The research on graph applications to network modeling can be divided into several broad areas. Much ongoing research is concerned with the structure of networks and implied characteristics [6,7,8,9,10,11], dynamic models of network formation [12,13,14,15,16,17,18], and dynamic processes over static networks. The model presented in the current paper belongs to the latter type. The typical problems studied within this research area are social learning [18,19,20,21], opinion formation [14,22,23,24,25], information propagation [6,13,26,27,28,29], and the market consequences of these processes [4,30,31,32,33,34].

In [35], a simple model of the population making market choices was proposed. The proposed model fits into a strand of models present in the literature and mentioned above.

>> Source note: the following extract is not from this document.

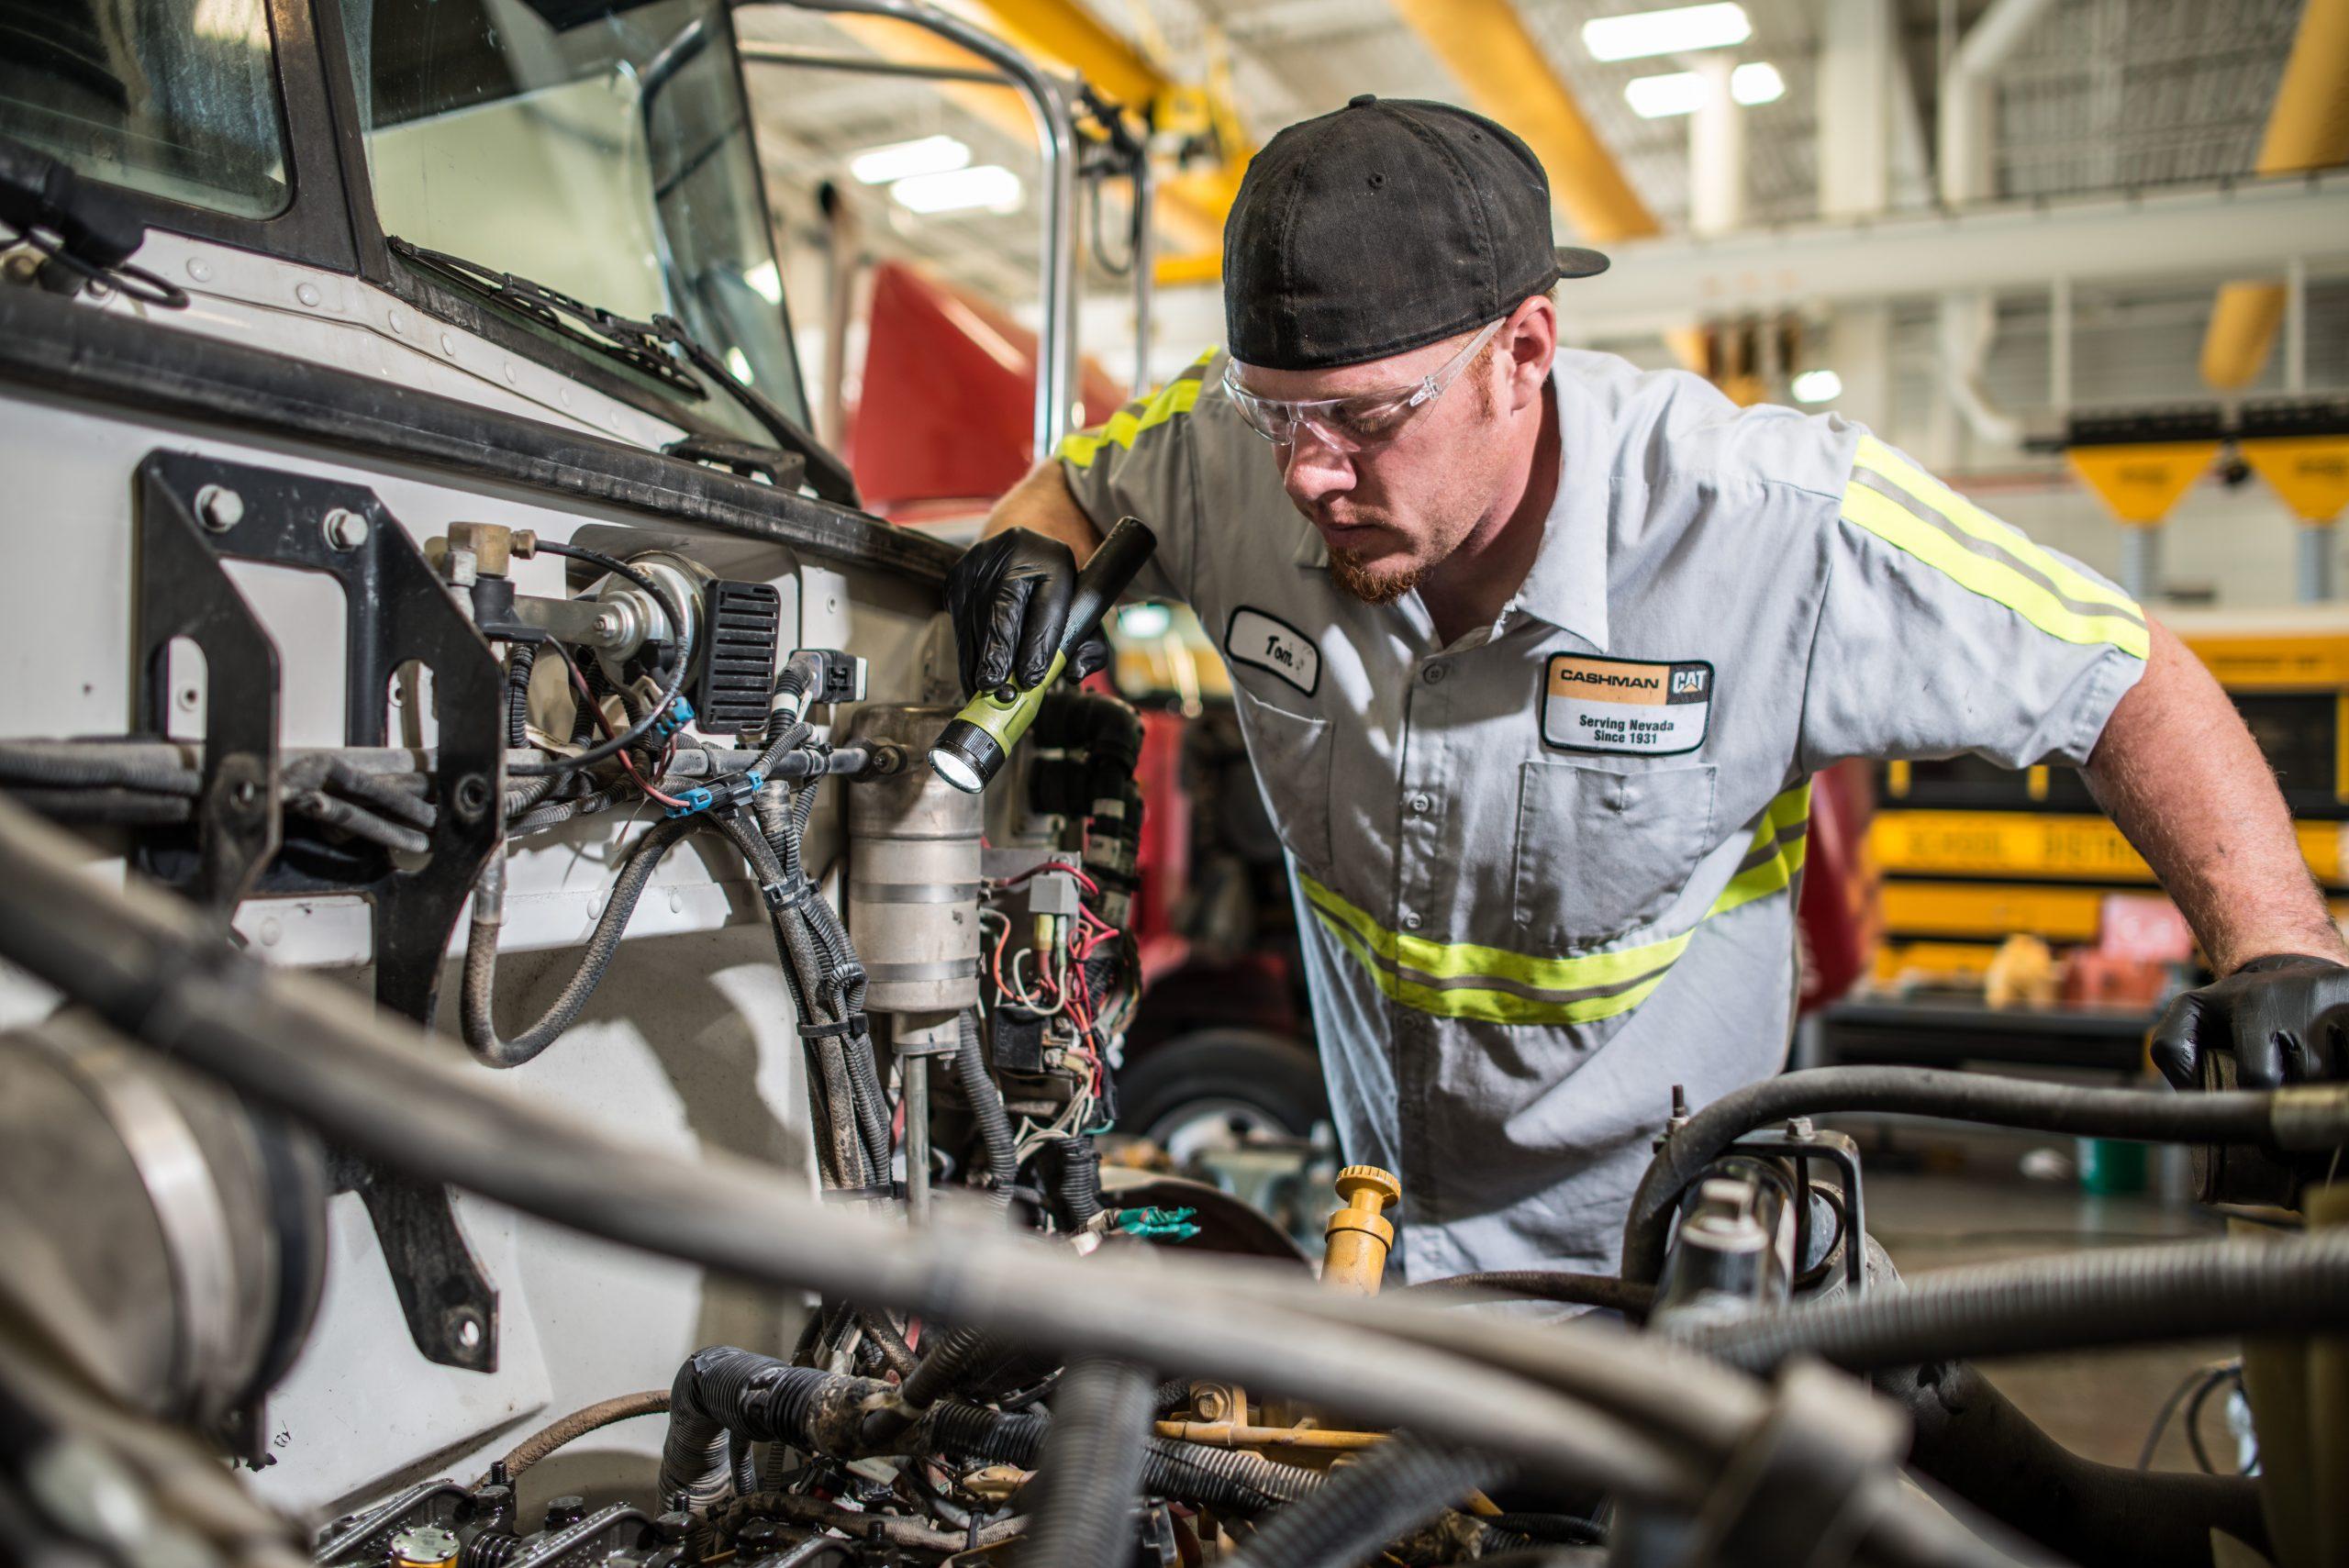 Technician Inspecting Machinery

In the model, a finite population of consumers makes repeated decisions about buying one of two brands. Each consumer is associated with a node in a graph of relations between consumers. The decision process of each consumer is based on his or her reference group given as a group of his or her direct neighbors.

The model can be thought of as the model of opinion formation, on the one hand, and information propagation, on the other. However, the model is different from the models present in the literature in two aspects. In the models of opinion formation, it is common to endogenize how the individual’s opinion depends on the views of others. In the model presented in [35], this dependence was based on the exogenous probability that potentially can be manipulated by the third party. This approach is dictated by some results related to influencing individuals’ attitudes through careful filtering of information [36]. The model also differs from the models of information propagation. These models are usually based on some diffusion processes, while some research is also concerned with finding the most influential individuals in a network. A single individual sends information to other individuals in such models, hence searching for the most influential individual. In the presented model, a group influences a single individual, and so, the mechanism is reversed from one-to-many to many-to-one.

The model presented briefly above leads to complex interdependencies. A group may influence a single individual, but this individual is a member of the reference groups of other individuals. How exactly such a structure is built depends on a graph’s topology. Thus, it is not possible to predict the behavior of such a model through a simple sum of individuals’ behaviors. Because of this, the proposed model was simplified to a model (differential equation) within the well-mixed population setting. This simplification allowed for an approximation and complete analytical analysis. However, in the well-mixed population model, consumers do not have constant reference groups. Instead, a reference group is sampled at random at each step, which is clearly at odds with the concept of a reference group, as these are relatively stable over time.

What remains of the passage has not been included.